Three channels of continuous VEP recordings were obtained with gold cup electrodes. For the midline channel, the electrodes were placed 4 cm above the inion (active), at the inion (reference), and on the forehead (ground). For the other two channels, the same ground and reference electrodes were used, but the active electrodes were placed 1 cm above and 4 cm lateral to the inion on either side. By taking the difference between pairs of channels, three additional “derived” channels were obtained. The records were amplified with the high- and low-frequency cutoffs set at 3 and 100 Hz, respectively (half-amplitude preamplifier P511J; Grass Instruments, Rockland, MA, USA), and sampled at 1200 Hz (every 0.83 ms). The impedance was less than 5 K for all subjects. In a single session, two 7-minute recordings were obtained from monocular stimulation of each eye and were averaged for analysis. Second-order kernel best-channel responses were then extracted. ^19,20 This averaging, as well as all other analyses, was computed with custom-made programs written in commercial software (Matlab; Mathworks, Inc., Natick, MA, USA). ²¹ Response amplitudes were calculated by obtaining the root mean square (RMS) of the amplitude for each mfVEP response over time intervals from 45 to 150 ms. Signal-to-noise ratios were calculated for each response by dividing the RMS of the signal window by the average of the 60 RMS values of the noise-only window. Each of these values was compared with values from the normative group subjects ²² and monocular probability plots were derived. Interocular amplitude differences for each patient were also calculated by taking the logarithm of the interocular ratio at each location ²¹ and the interocular probability plot was derived. The amplitude probability plot was color-coded with saturated red squares (left eye) and saturated blue squares (right eye), with a significant difference being determined at P < 0.01 and, for desaturated colors, at P < 0.05. 

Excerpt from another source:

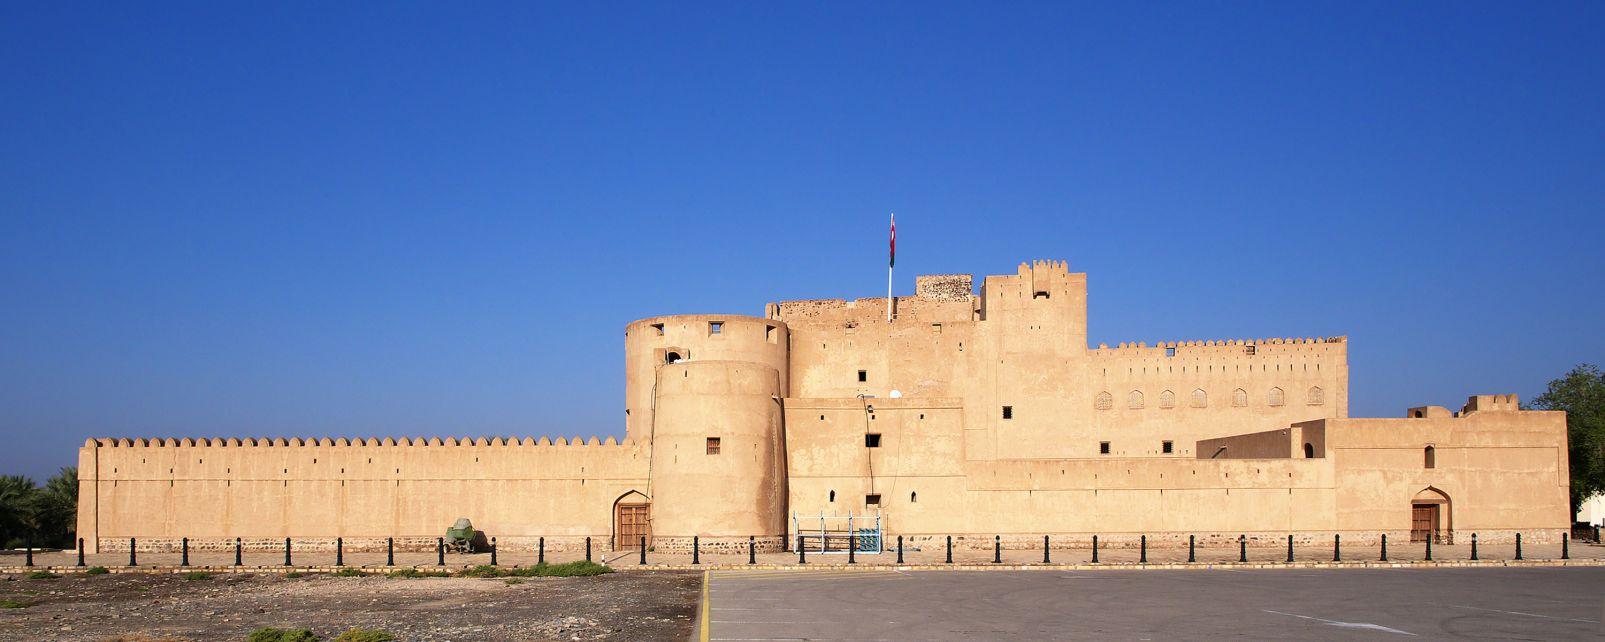 Les monuments, Jabrin, Oman, Jabreen, fort, chateau, fortification, désert, sultanat, moyen-orient, proche-orient, Bahla, Ad Dakhiliyah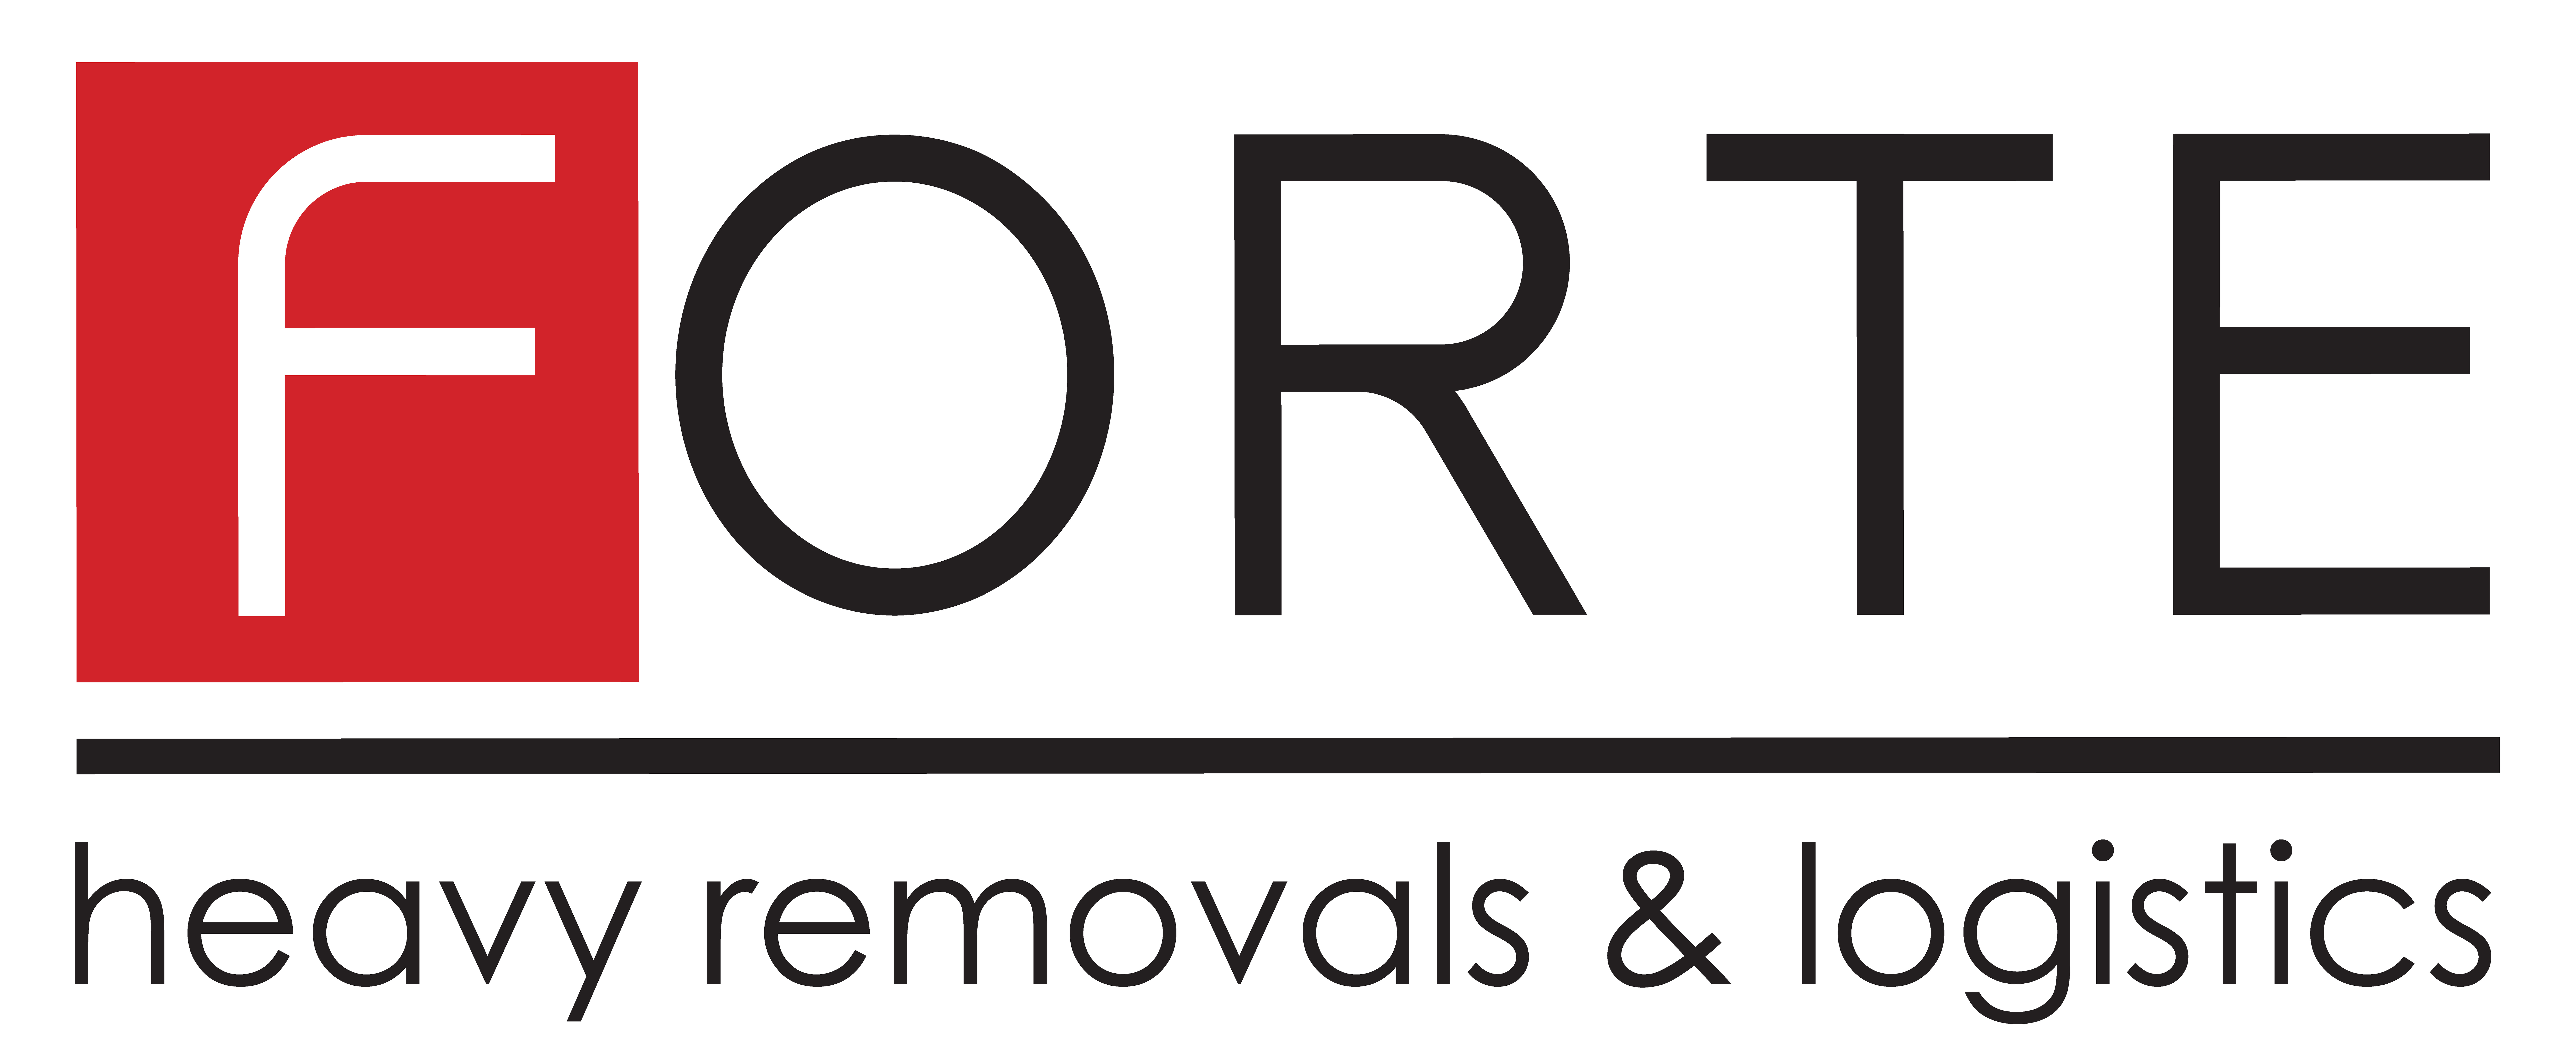 Forte Heavy Removals & Logistics Logo

Monocular and interocular latencies were measured as the temporal shift producing the best cross-correlation value between the corresponding responses of the patient's eye and a template based on control eyes (monocular analysis) or between the corresponding responses from two eyes (interocular analysis). The latency probability plots were color-coded in a manner similar to the amplitude plots using ovals instead of squares. 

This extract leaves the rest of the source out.